The first choice is to take the log of the data. Taking the log may or may not bias the estimates depending on the theoretical construction you are testing. In some cases, the bias is quite substantial. In others, it is zero. There is also a theoretical issue. These distributions do not have a covariance matrix even in log form. There is a scale matrix, but it collapses to a single point. You would need to be careful in interpreting the coefficients. While there isn't a covariance for the data, there is a variance.

The second choice is quantile regression or Theil's regression. The advantage to either of these is that you minimize the absolute linear loss, but, while it is an unbiased estimator of the median, the median isn't $\mu$ and so relative to the true center of location you have a bias. In fact, this guarantees the bias that logarithms may avoid.
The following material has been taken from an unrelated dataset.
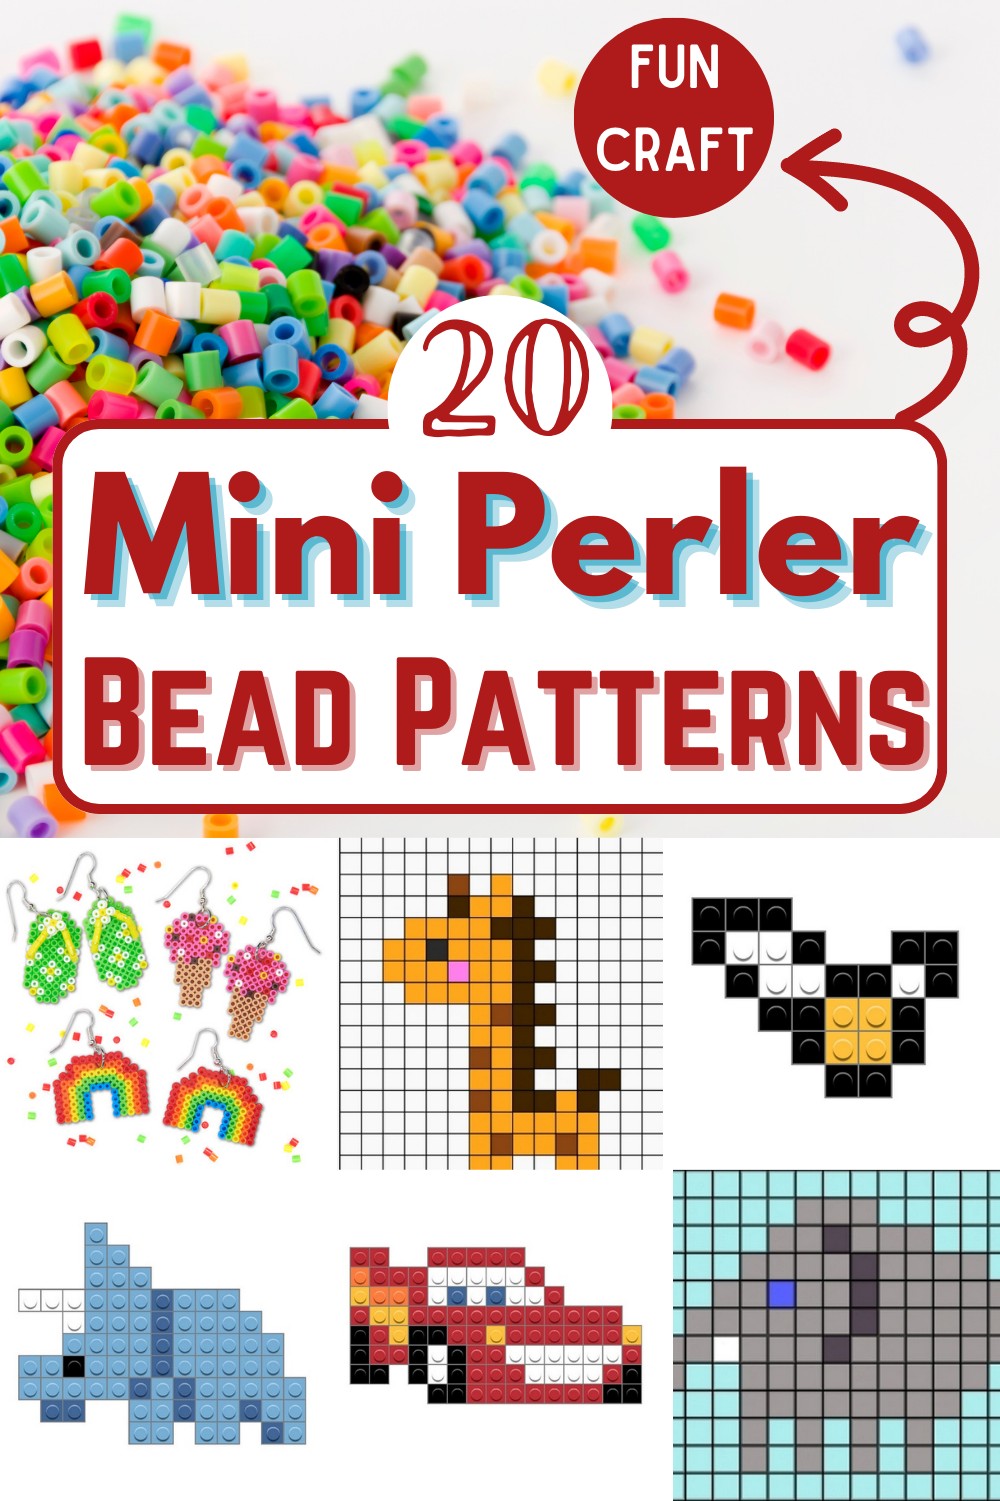 20 Mini Perler Bead Patterns For Fun Crafting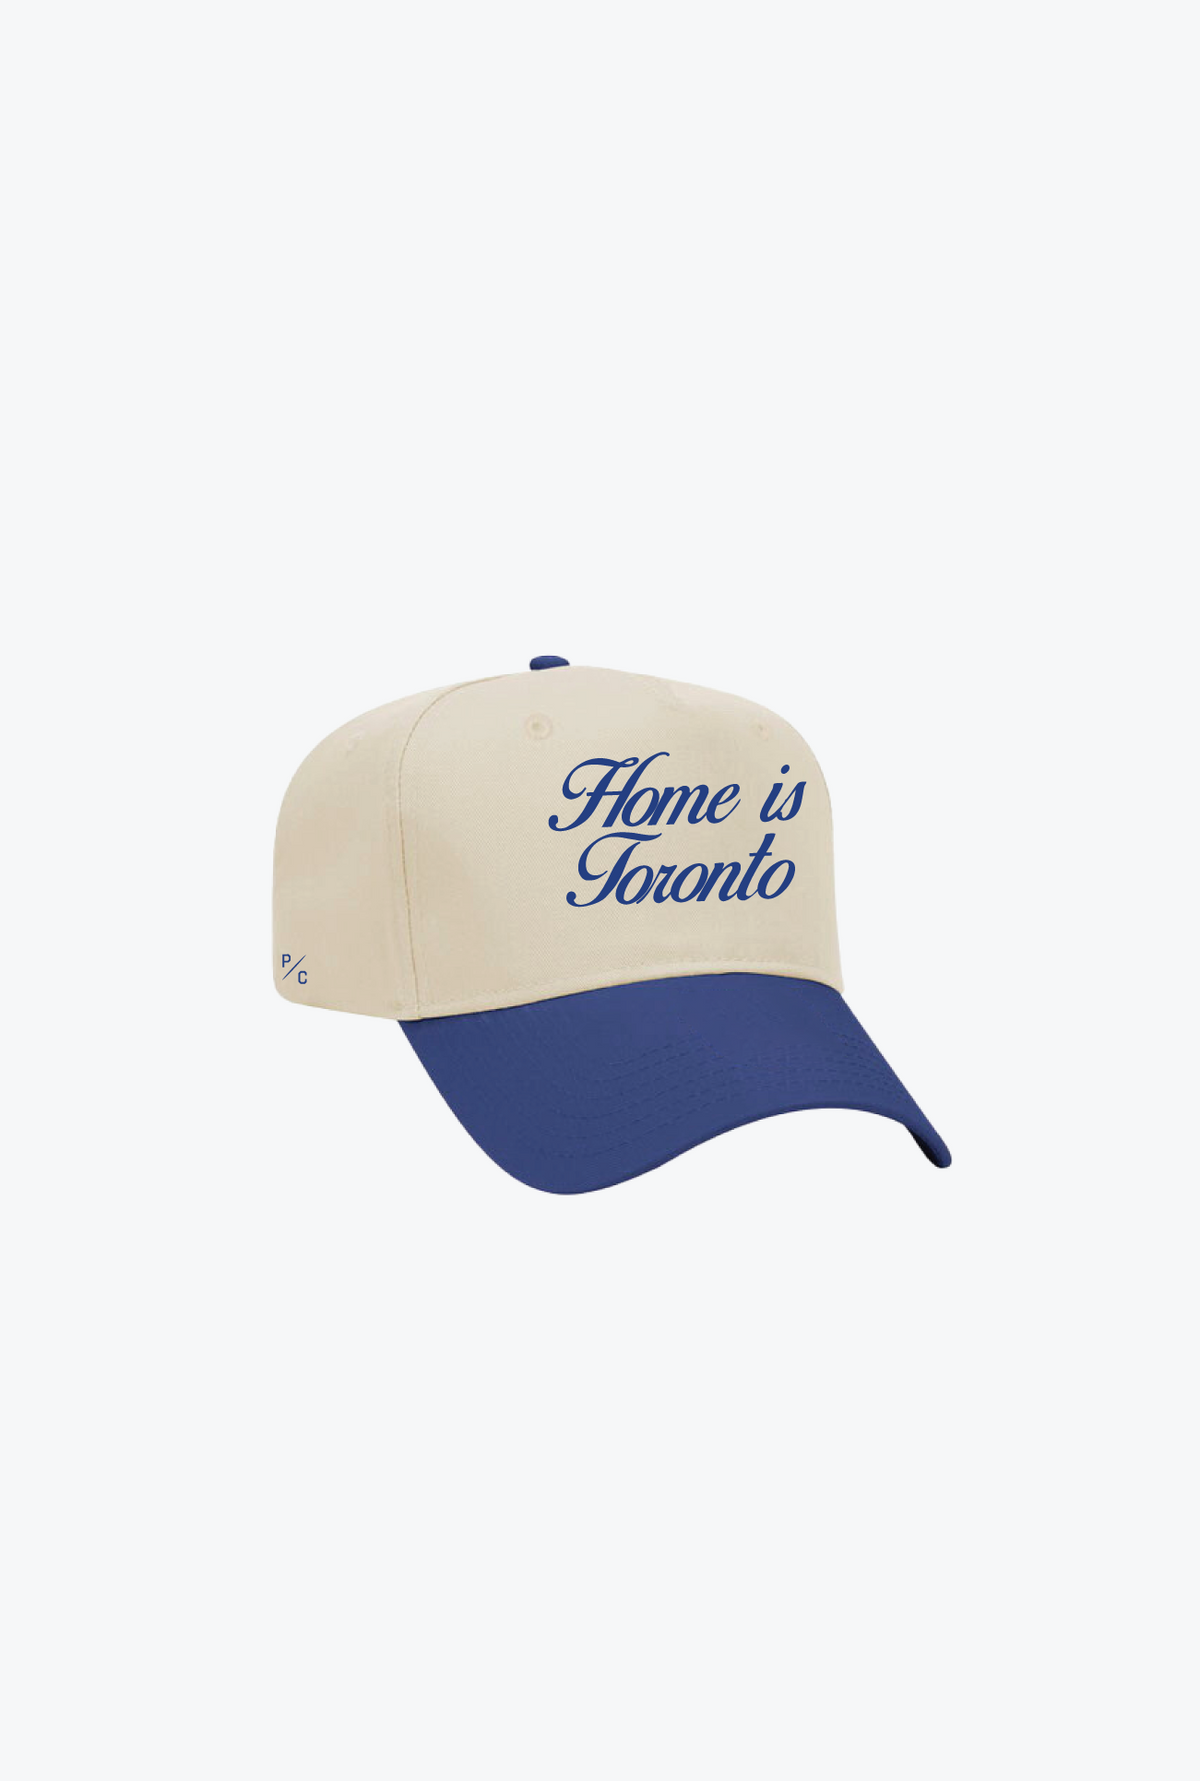 Home is Toronto A-Frame Cap - Royal/Ivory

The advantage over the log transformation is that ranks are sufficient statistics because the sample is sufficient. You will not lose information where you will with the log transformation.

The third choice is some form of Bayesian solution. The problem is that we do not know your distribution. The advantage of a Bayesian solution is that the likelihood function is always minimally sufficient. This is slightly different than saying all the information is in the statistic, but all the information to calculate the likelihood is in the statistic and there can be no greater reduction in dimension. All Bayesian solutions with a proper prior are biased solutions, but the bias is usually quite a bit less than the bias on the Frequentist side from the distinction of the median minus $\mu$.

Bayesian solutions also have the difficulty of being labor intensive unless you are used to using them. A Bayesian solution would "solve" all of your problems, but they have a significant learning curve and you need a reasonable prior density. The prior density contains your beliefs about the parameters before you actually saw the data. Because you would have different beliefs than I would, the result is always subjective.

You would also need a good set of possible guesses as to the potential density function involved unless you could derive the density from first principles.

As for Frequentist tests, you should pick up a good book on non-parametric and distribution-free statistics. Kruskal–Wallis one-way analysis of variance may accomplish what you are looking for in ANOVA, but it may not. This is a case where you really want to pick up a textbook. There are a ton of them on Amazon. My books are rather old and there have been advances, so I suggest an academic library as your first stop. Do not go down the path of Bayesian nonparametric statistics unless you are an advanced user of statistics. Frequentist non-parametric and distribution-free methods are very simple and simplicity is its own virtue here. If you happen to find a book on Amazon on Bayesian non-parametric statistics, don't buy it. The learning curve will be nearly vertical.

There are books explicitly on non-parametric econometrics. You should look at those.